Агнесса с облегчением вздохнула. Она останется рядом с ним!

Граф вышел вон и в задумчивости направился к часовне: каждый вечер перед сном он усердно молился о спасении замка, иногда, как сегодня, по нескольку раз. Коротко на людях и долго, обстоятельно, искренне наедине с Создателем. Пока Бог был на его стороне, но Роланд опасался потерять его расположение.

— Ну, чего расселась! — прикрикнул на проститутку солдат. — Принеси воды и кинь чего-нибудь тому малому внизу.

— А мне можно поесть? — робко спросила Агнесса, оправляя платье.

— Сначала отработай свою еду!

— А тот, внизу, тоже её отработал? — обиженно буркнула женщина.

— Отработает, будь уверена! А нет, так подохнет. Ну, шевели ногами, шлюха!

Агнесса покорно сгребла в миску остатки ужина и плеснула в кувшин воды. Чего, собственно, жаловаться, с ней всегда обращались не лучше. С тех пор, как её мать решила променять красоту дочери на деньги, всех интересовало только её тело. Для всех она не лучше собаки, даже хуже собаки. Её можно до смерти избить, испортить кулаком лицо, вымазать волосы в грязи — и никто их не осудит. Как же ей это надоело!

Помниться, попав к первому содержателю, она хотела умереть и утопилась бы, если бы ей позволили. Потом, пресытившись молодой девушкой, купец продал её компаньону; тот увёз её в другой город, где бросил, оставив без средств к существованию. Так как она не была невинной девушкой, а посему не могла стать честной женой и матерью, пришлось избрать постыдное ремесло, правда, не сразу. Сначала Агнесса стирала бельё, но почтенные торговцы, да и простой ремесленный люд, не давали ей проходу; жилось ей не сладко. А тут ещё всплыло её бесчестье… Словом, бельё она больше не стирала. Добропорядочные горожанки плевали ей в лицо, а их мужья, не скупясь на грязные словечки, стремились затащить её в постель. Естественно, не платя. Агнессе это надоело, и она начала брать деньги за свои скромные услуги.

Потом были частые переезды, гонения и штрафы, и та харчевня, в которой она случайно оказалась, брошенная очередным любовником, та, в котором она встретила графа. И теперь Агнесса была здесь, в осаждаемом замке, и кормила безвестного узника, хотя сама ещё не ужинала. А после она вернётся на кухню, чем-нибудь перекусит и вернётся к себе на сеновал, где, если повезёт, можно будет немножко помечтать о том дне, когда осуществится её мечта. Но Агнесса знала, что она никогда не сбудется, так же, как ей не стать той, кем она была четыре года назад. Что ж, каждому своё.

* * *

Через пару недель, когда долины наполнились птичьим гомоном, возвестившем о вступившей в свои права весне, начался новый штурм. Он был так же неудачен, как предыдущие, и Леменор собрался скомандовать отступление, когда тяжёлые дубовые ворота вдруг приоткрылись. Через образовавшуюся лазейку хлынули осаждающие. Первые ряды попали в ловушку: чугунная решётка за привратной башней опустилась за спиной прорвавшегося противника. Их было не спасти. Осаждающим пришлось отступить и заняться подкопами, отвлекая внимание защитников ложными приступами.

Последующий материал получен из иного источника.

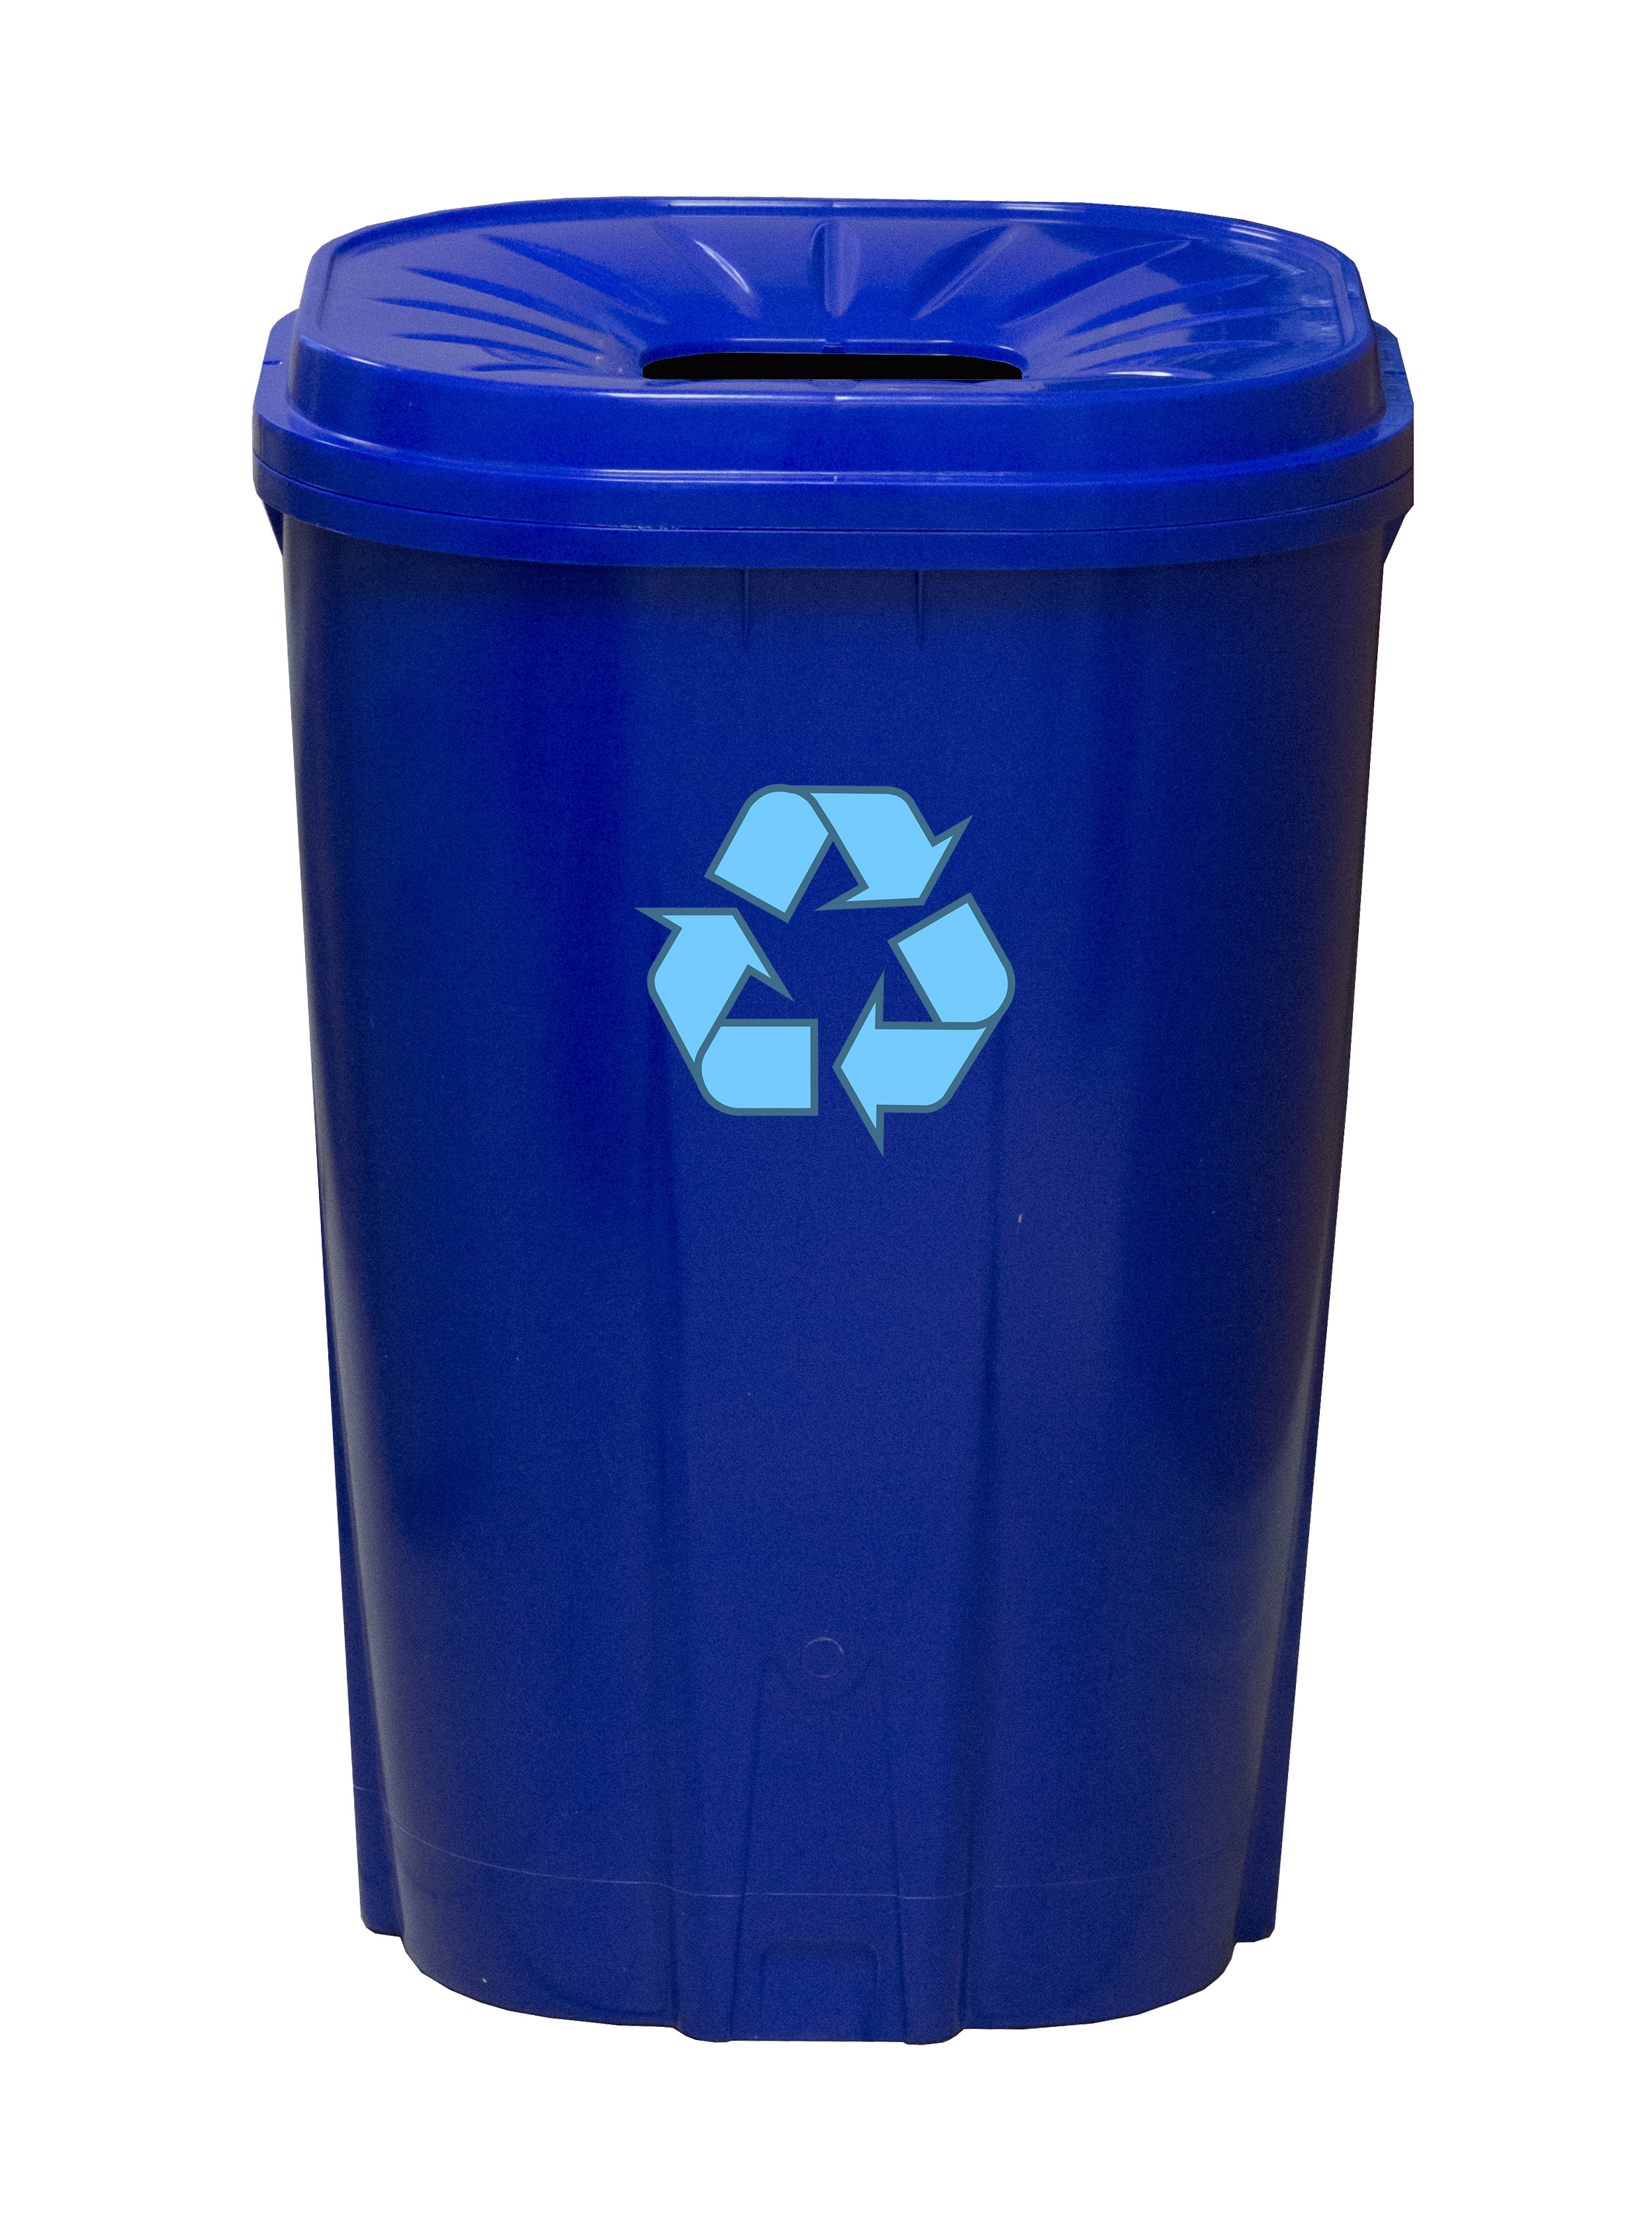 Enviro Recycler | :: Welcome to Enviro World ::

Вновь побывавший у Леменора Робин посоветовал приостановить бесполезные земляные работы, и предложил небольшому отряду вслед за ним проникнуть в замок через один из подземных ходов. Солдат не обманул, незадолго до рассвета ворота Леопадена распахнулись, и конница, беспрепятственно, хлынула внутрь. Крикам о пощаде внимали немногие и то, если они исходили от тех, кто был способен заплатить выкуп. Обезумевшие от страха, почерневшие от копоти мирные обитатели замка хаотично метались по двору, пытались укрыться возле ворот во внутренний двор, барабанили кулаками по доскам. Для наступающих эти бедные люди были чем-то вроде поднятых сворой диких зверушек; они со злорадным смехом гонялись за ними и, словно стремясь перещеголять друг друга в жестокости, убивали их.

С именем Господа и девизом своего рода на устах Роланд Норинстан носился по двору и, несмотря на не до конца зажившую рану, ожесточённо сражаясь за каждый дюйм. Граф понимал, что внешнего двора не отстоять, но это был его замок, он не мог отдать врагу ни камня без боя. Ничем не уступал ему в храбрости Дэсмонд.

Артур горел желанием убить Норинстана, но никак не мог подобраться к нему. Роланд то оказывался рядом, то, исчезая, появлялся в противоположном углу двора. Леменору даже начинало казаться, что он охотиться за дьяволом, ведь только Нечистый мог вытворять такое.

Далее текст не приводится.